Raw data -

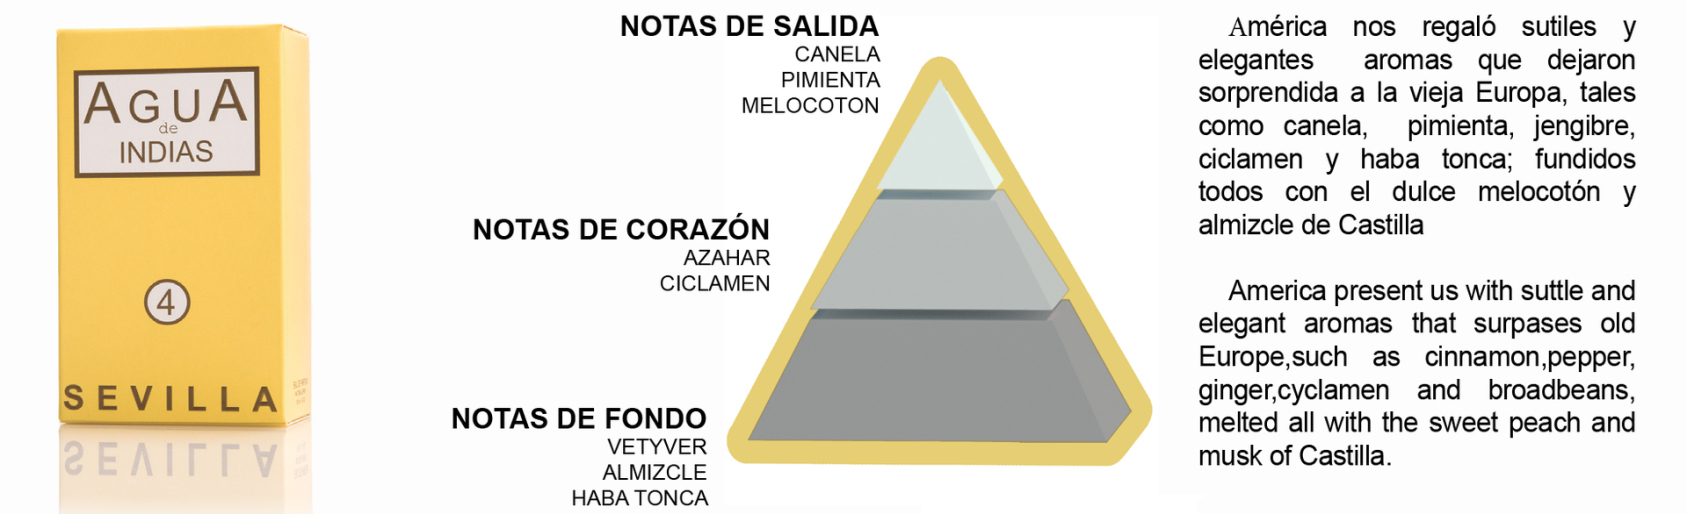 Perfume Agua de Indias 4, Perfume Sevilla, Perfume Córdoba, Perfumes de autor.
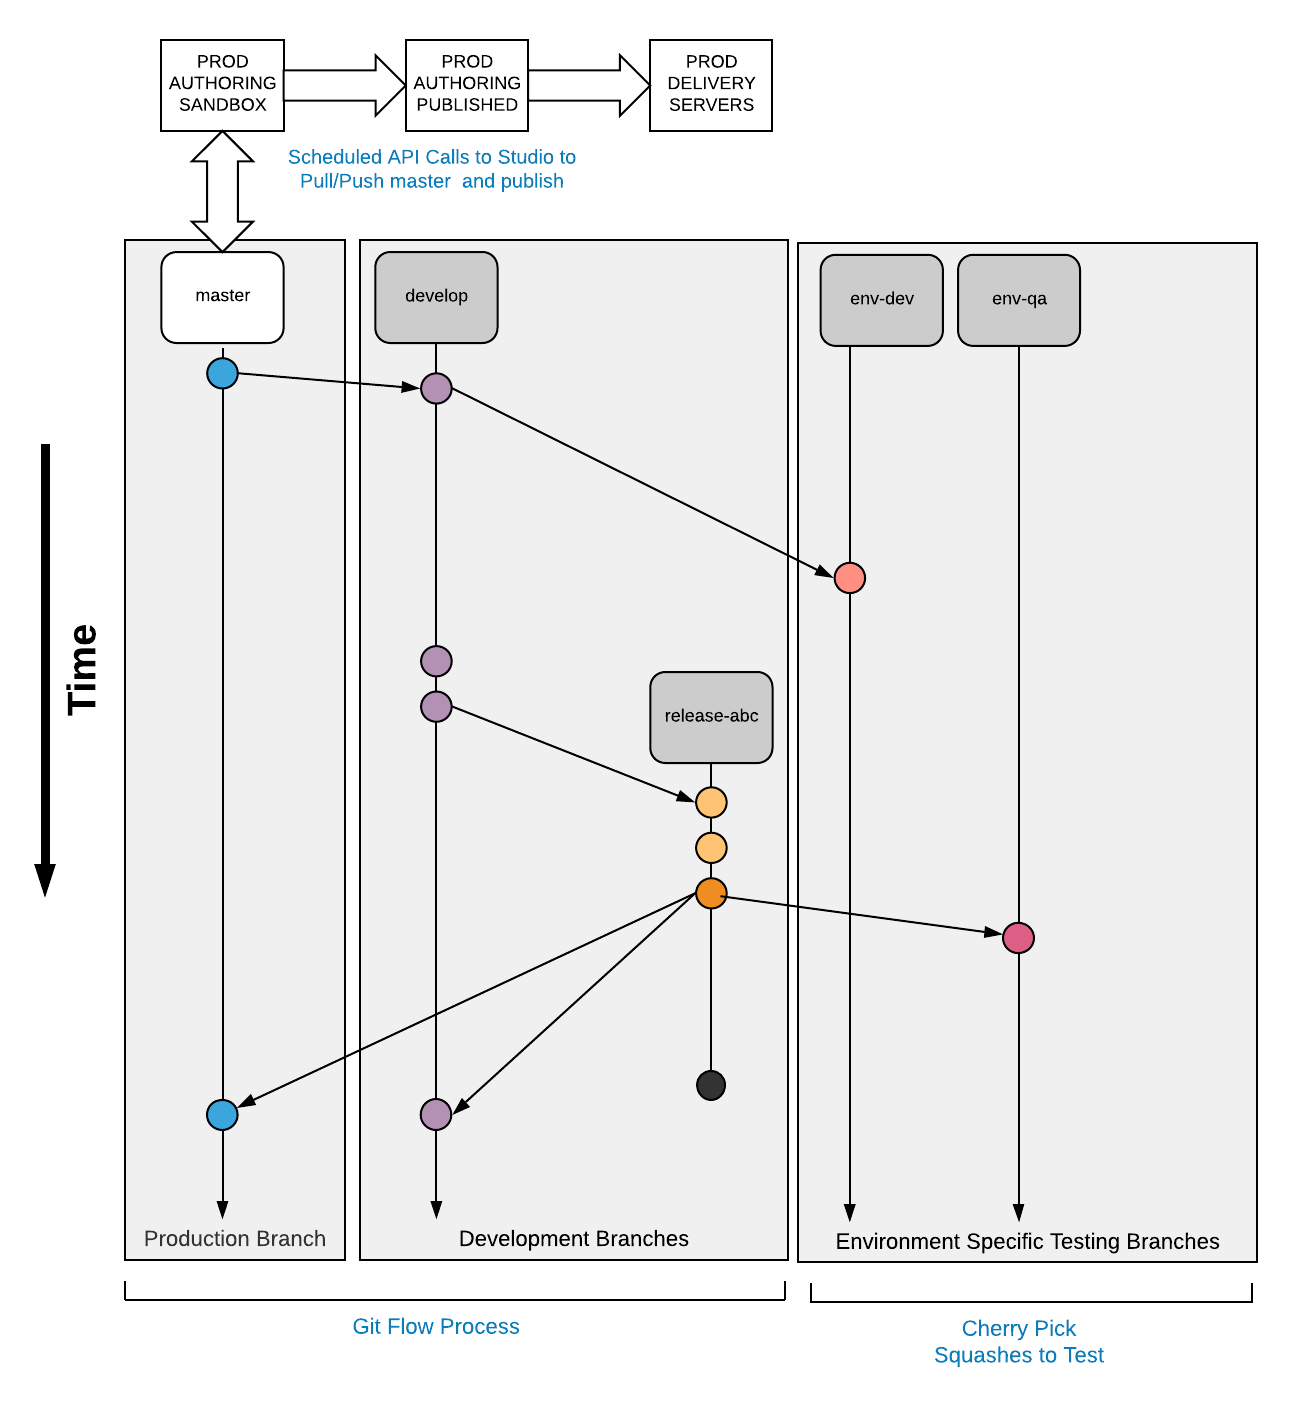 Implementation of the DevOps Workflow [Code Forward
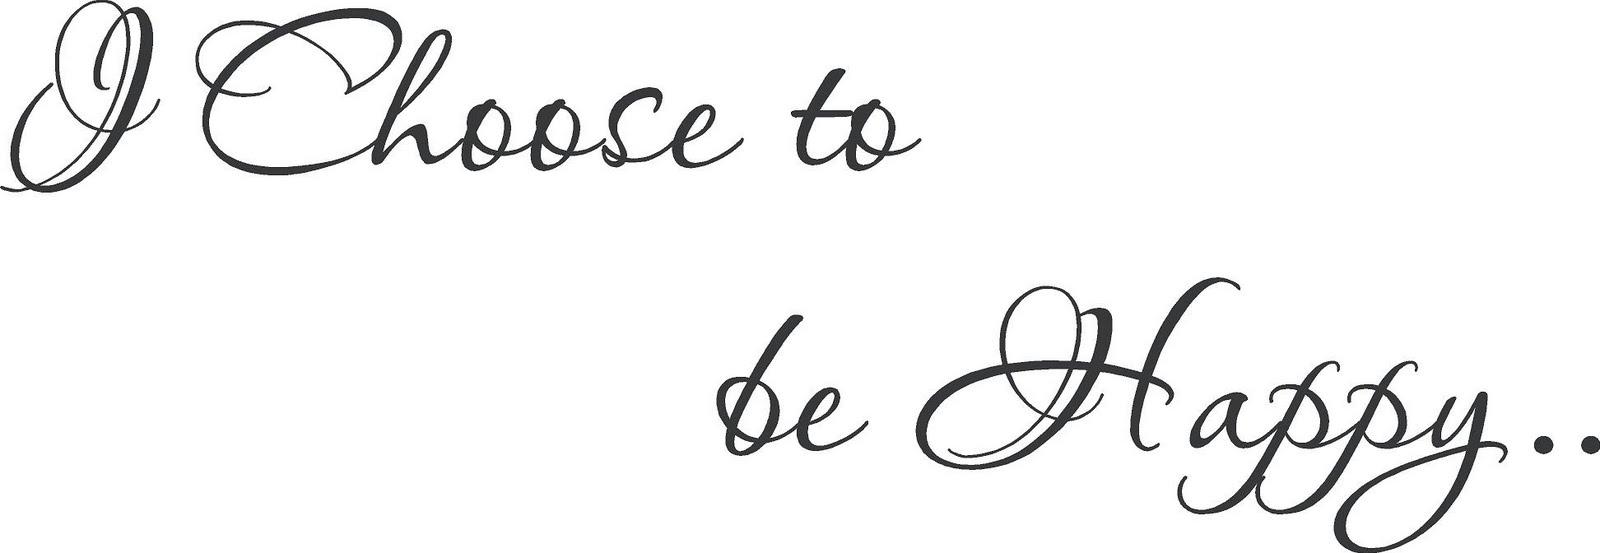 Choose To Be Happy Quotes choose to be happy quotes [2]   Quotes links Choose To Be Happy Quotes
* * *
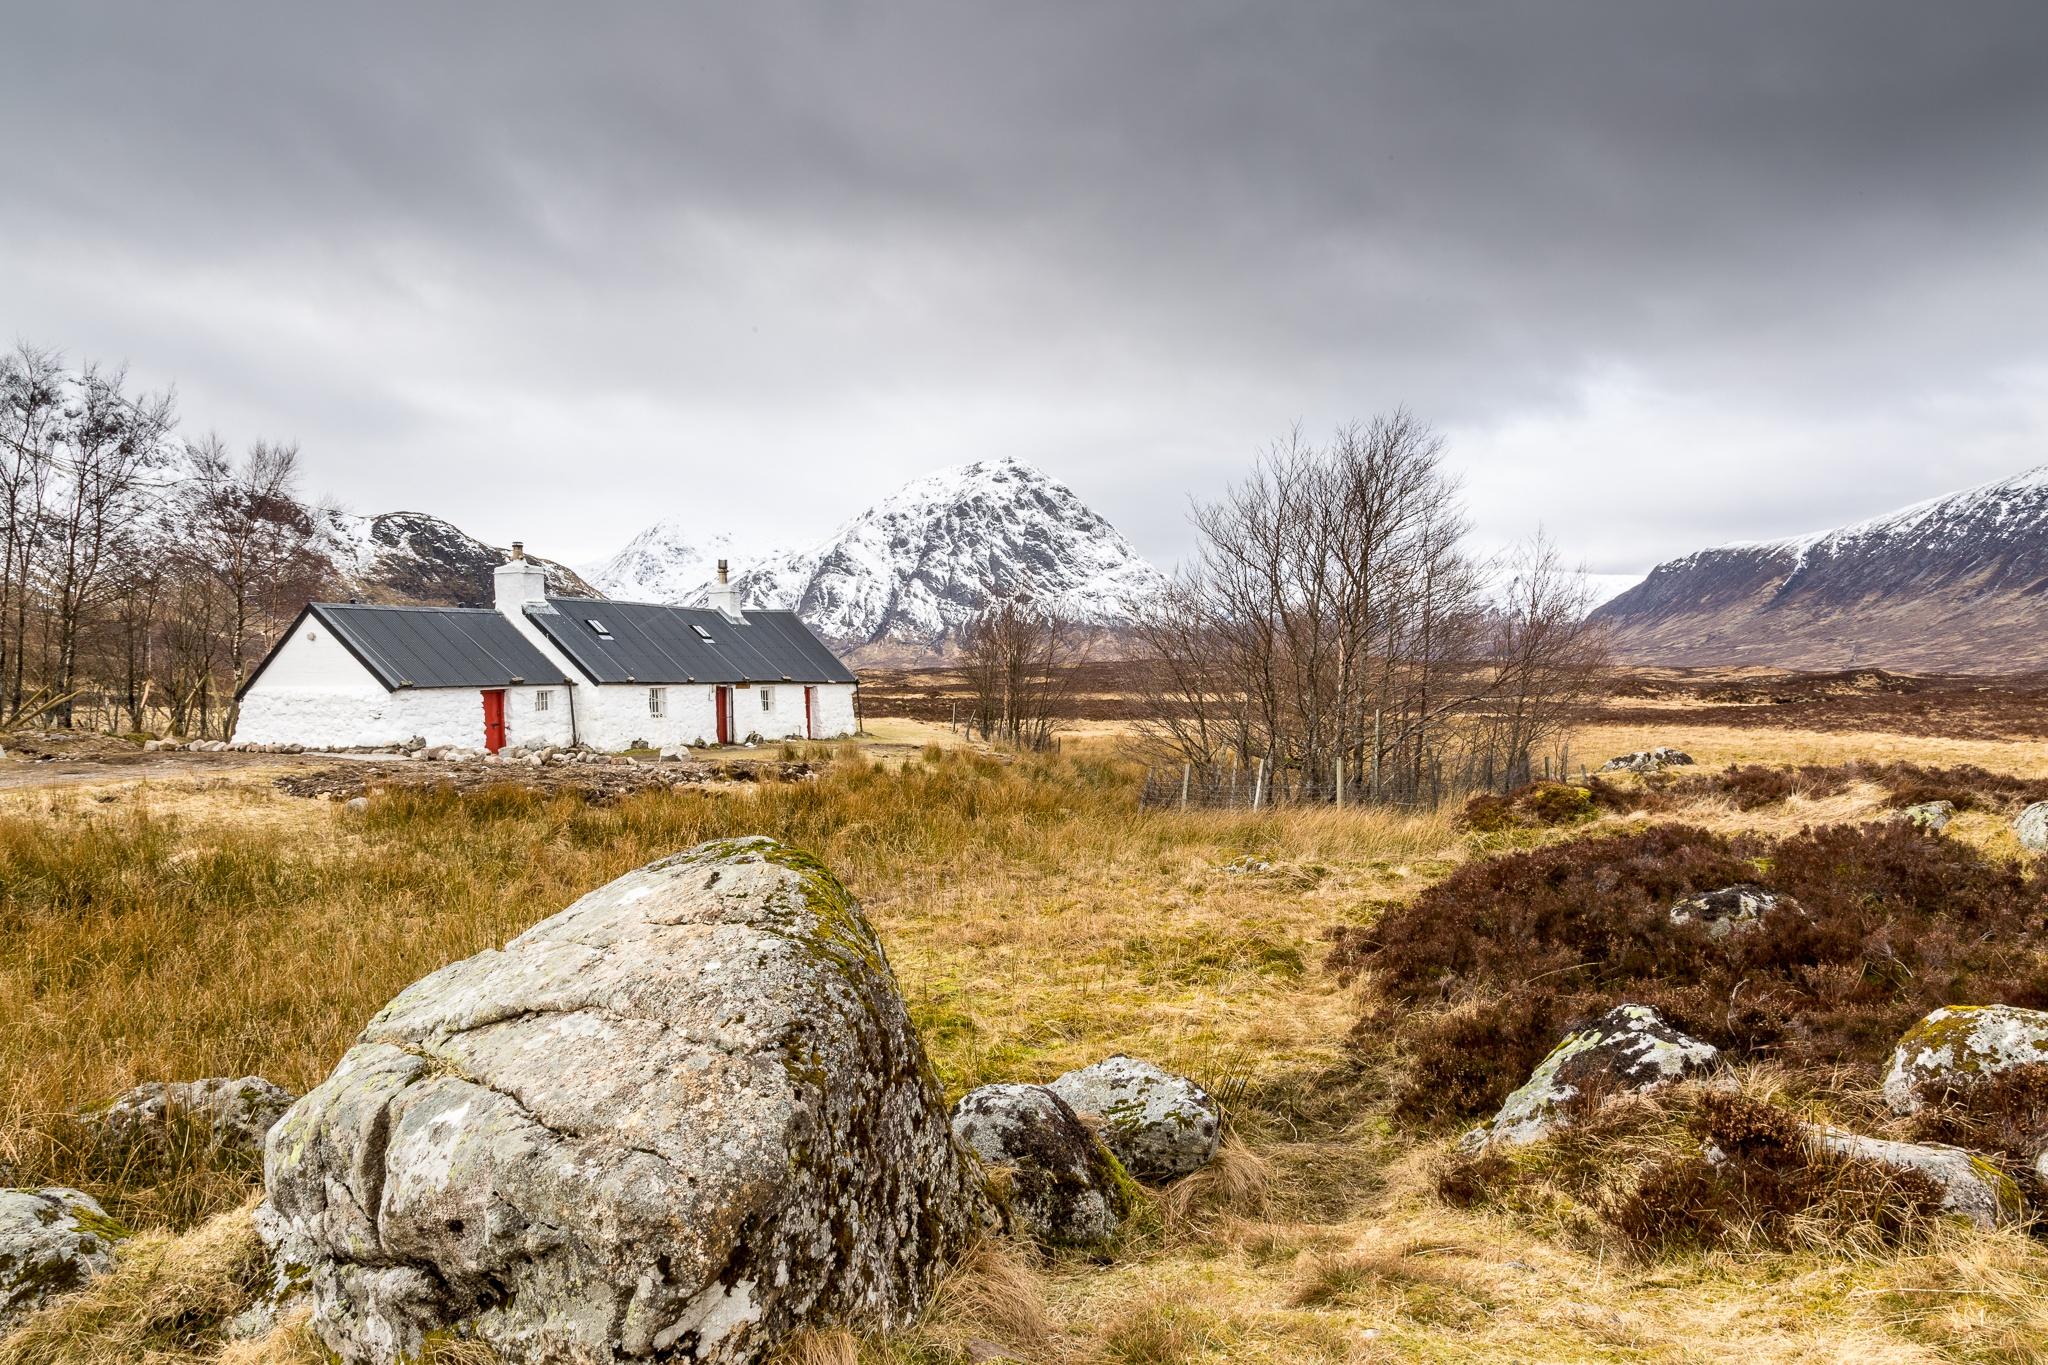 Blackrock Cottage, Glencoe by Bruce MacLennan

Your goal - Whatever pictures the records hold, omit them; give again exactly the lines from the one containing "Perfume Agua de" through the one containing "Choose To Be Happy Quotes choose".

Exercise solution -
 Perfume Agua de Indias 4, Perfume Sevilla, Perfume Córdoba, Perfumes de autor.
 Implementation of the DevOps Workflow [Code Forward
 Choose To Be Happy Quotes choose to be happy quotes [2]   Quotes links Choose To Be Happy Quotes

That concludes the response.